# Spring steelies



## Gus123 (Oct 11, 2014)

Looks like we should be getting the first runs of steelhead into the cheboygan river and the ocquioc this week temperatures are going to be on the 40s. Iv got the rod and reel ready to go cant wait.


----------



## Robert Holmes (Oct 13, 2008)

Gus123 said:


> Looks like we should be getting the first runs of steelhead into the cheboygan river and the ocquioc this week temperatures are going to be on the 40s. Iv got the rod and reel ready to go cant wait.


Good luck let us know how you do


----------



## friZZleFry419 (Aug 21, 2007)

Good luck. Got the itch bad myself might run up on the weekend to the A.


----------



## steelieagw81 (Jun 19, 2008)

I wouldnt waste your time on the ocqueoc until hammond bay thaws out. Same thing every year you may pick up one or two holdovers. but you dont get a real good push until the bay is thawed out.


----------



## bborow2501 (Nov 12, 2007)

Anyone know how ice conditoins are on the Thunder Bay, cheboygan, or Ocqueoc? Are they all clear all the way down to the lake? Any shelf ice to deal with?


----------



## Gus123 (Oct 11, 2014)

The cheboygan is open but so far just hold overs hangen out. The ocqueoc was still totally iced up earlier this week.


----------



## steelieagw81 (Jun 19, 2008)

It'll be mid April for those rivers


----------



## jakek82 (Mar 25, 2015)

Is there any update since on the condition of the Oqueoc? I would hope it the ice would be pushed out by now? at least out of the river...


----------



## Gus123 (Oct 11, 2014)

A guy posted earlier that the steelies wont run there tell the ice is off Hammond pay


----------



## jakek82 (Mar 25, 2015)

I was hoping that someone would have mentioned that in a reply. My bad. Is it out? Can't drive 70 miles to see if ice is pushed out.
Thank you to anyone that can help.


----------



## Bighunther (Jan 28, 2012)

As of yesterday. It still appears to be a good amount of ice up that way. I noticed the creeks and feeders of the Ausauble to still be iced over yesterday also. 
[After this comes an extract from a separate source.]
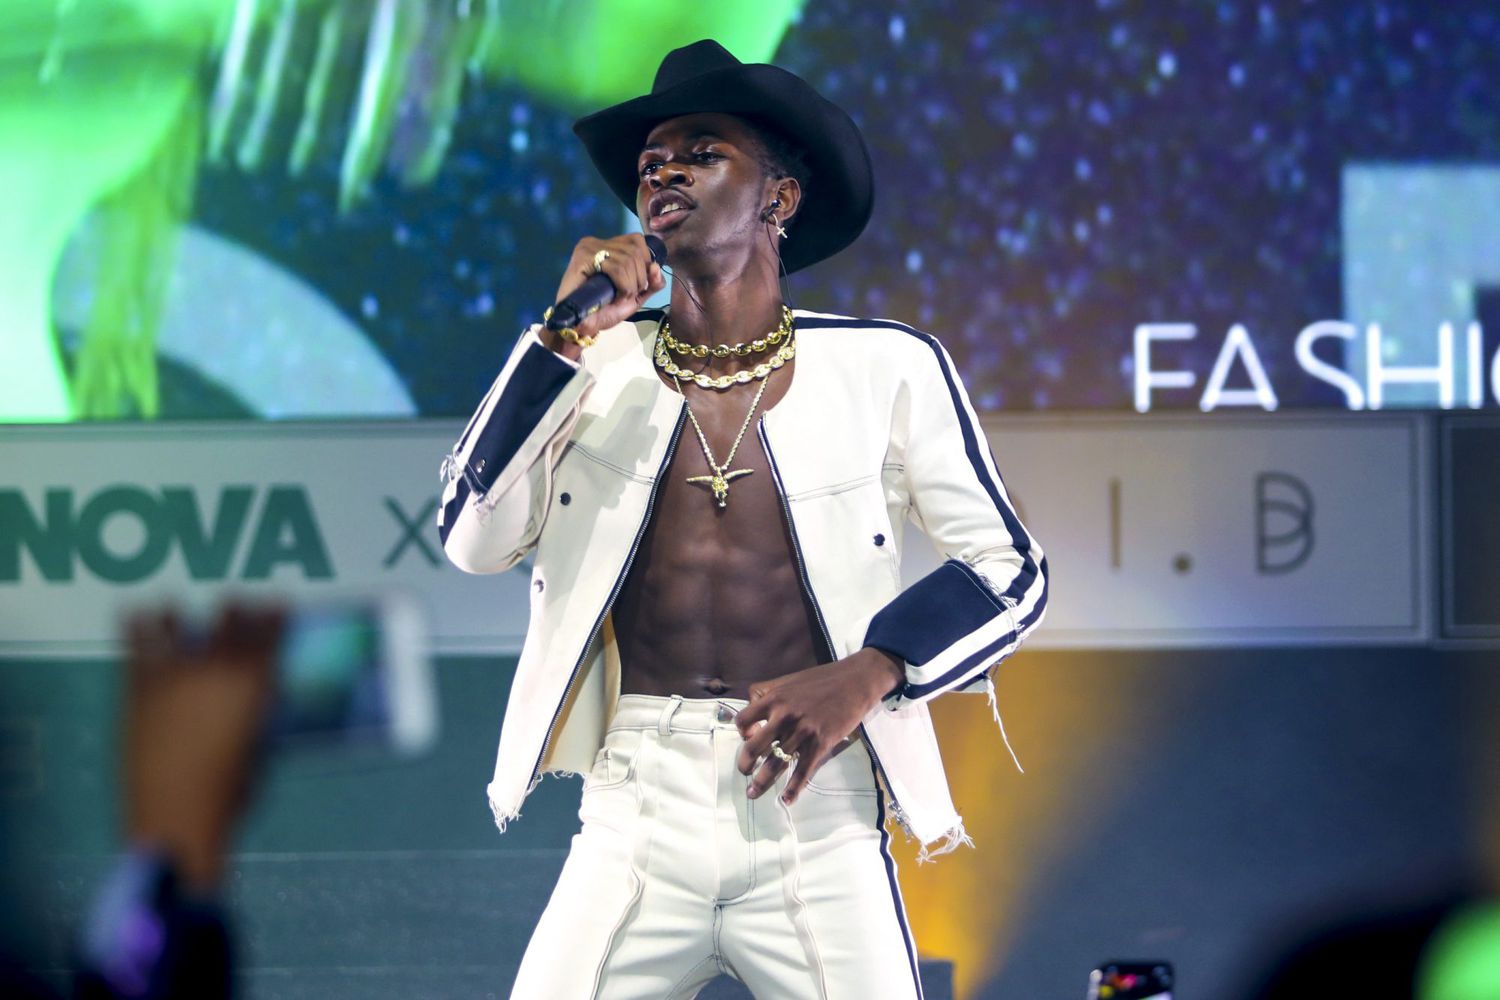 LOS ANGELES, CA - MAY 09: Lil Nas X performs onstage as Fashion Nova Presents: Party With Cardi at Hollywood Palladium on May 9, 2019 in Los Angeles, California. (Photo by Jerritt Clark/Getty Images for Fashion Nova)

What day are you fishing? 

There are plenty of other rivers and streams south of there that are productive.


----------



## jakek82 (Mar 25, 2015)

I am coming over sunday. I had a couple people cancel on me to go down to manistee, and Sturgeon hasnt been producing to much lately, so I wanted to try a new river. Thank you so much for the help. Seems like everyone here is afraid to help me, like I'm gonna come take all their fish. I release 99% of my fish, and 100% of the hens. Im not a fish monger. thanks again for the help. could you PM me the link for that NOAA page please.


----------



## Gus123 (Oct 11, 2014)

Ya im only a 10 minute drive away the ice in the river is out but no fish yet


----------



## jakek82 (Mar 25, 2015)

Thanks man!


----------



## Gus123 (Oct 11, 2014)

As of yesterday i got the firsy report of steelhead in the ocquioc so i know where im spending my free time


----------



## jakek82 (Mar 25, 2015)

Great, I should have went over. I didn't because I was informed that there was still ice pack and no fishes really coming in. Dang it!


----------



## Gus123 (Oct 11, 2014)

Up until yesterday thats what i had been told then one of my buddies caught a nice 25 incher. He was probably only a half mile up stream from the mouth so it was a pritty fresh fish


----------



## jakek82 (Mar 25, 2015)

Dang it Dang it Dang it!!!!


----------



## krob (Dec 11, 2003)

Can I ask what the bait of choice is this time year?


----------



## Gus123 (Oct 11, 2014)

The guy who i talked to was floating spawn under a bobber


----------



## krob (Dec 11, 2003)

Thanks, ill be up that way next week. Hoping to get some fishing done, not many choices.


----------



## Gus123 (Oct 11, 2014)

Yep ill be steelhead fishen until trout season opens then ill switch gears


----------



## Gastro399 (Apr 5, 2009)

I will be up fishing both rivers hope to get some a
Action!!!


----------



## Gus123 (Oct 11, 2014)

Im headed to cheboygan tonight ill get done


----------



## krob (Dec 11, 2003)

How did you do?


----------



## Gus123 (Oct 11, 2014)

Not great saw one jump that was it


----------



## krob (Dec 11, 2003)

At the Dam?
Many people?
Im headed up Thursday


----------



## Gus123 (Oct 11, 2014)

Ya at the dam there was a few people and not much action


----------



## krob (Dec 11, 2003)

Thanks for the info.


----------